Constituency details
- Country: India
- Region: East India
- State: Bihar
- District: Madhubani
- Lok Sabha constituency: 6. Madhubani
- Established: 1951
- Total electors: 339,367
- Reservation: None

Member of Legislative Assembly
- 18th Bihar Legislative Assembly
- Incumbent Madhav Anand
- Party: RLM
- Alliance: NDA
- Elected year: 2025

= Madhubani Assembly constituency =

Vidhan Sabha Constituency in Bihar, India

Madhubani is an assembly constituency in Madhubani district in the Indian state of Bihar.

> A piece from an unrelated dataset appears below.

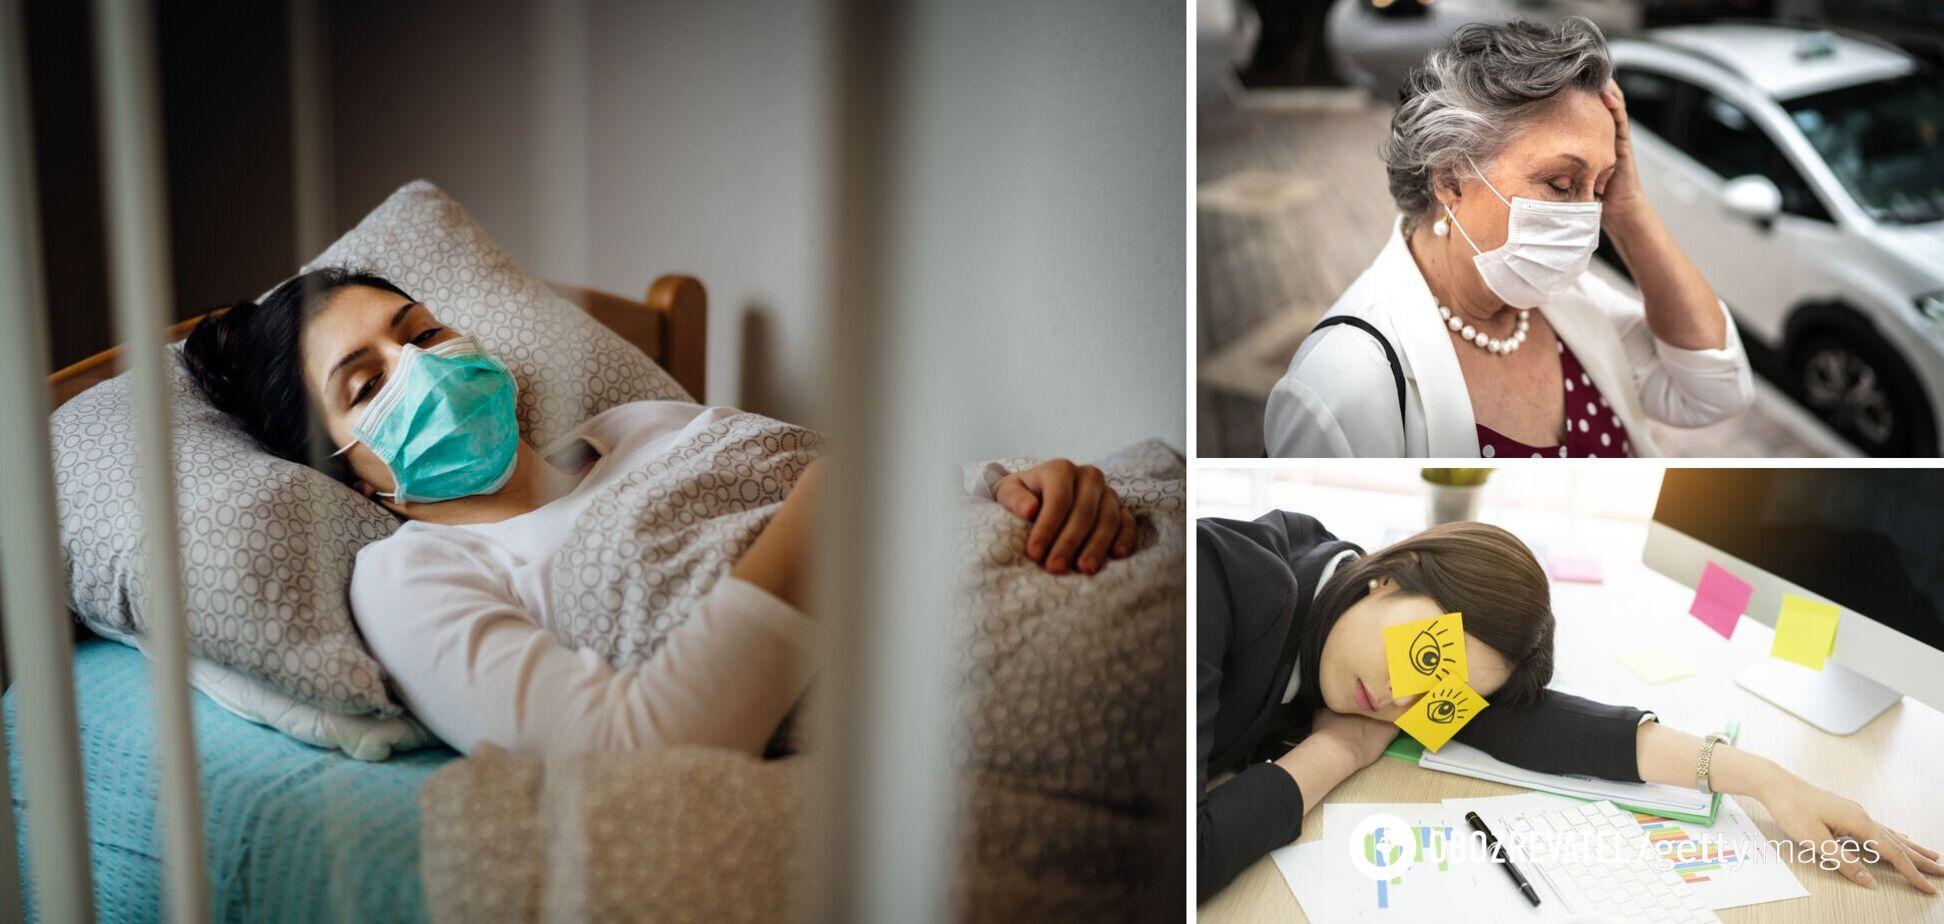 Лікар назвав поширені наслідки COVID-19: утруднення ходьби та порушення сну

In 2015 Bihar Legislative Assembly election, Madhubani will be one of the 36 seats to have VVPAT enabled electronic voting machines.

==Overview==
As per Delimitation of Parliamentary and Assembly constituencies Order, 2008, No. 36 Madhubani Assembly constituency is composed of the following: Madhubani municipality; Basuara, Bhachhi, Bhavara, Lachhminagar, Sonaur, Maksuda, Khajuri, Shambhuar, Sundarpur, Bhitthi, Balia gram panchayats of Madhubani community development block; and Pandaul CD Block.

Madhubani Assembly constituency is part of No. 6 Madhubani (Lok Sabha constituency). Samir Kumar Mahaseth is the current MLA from Madhubani.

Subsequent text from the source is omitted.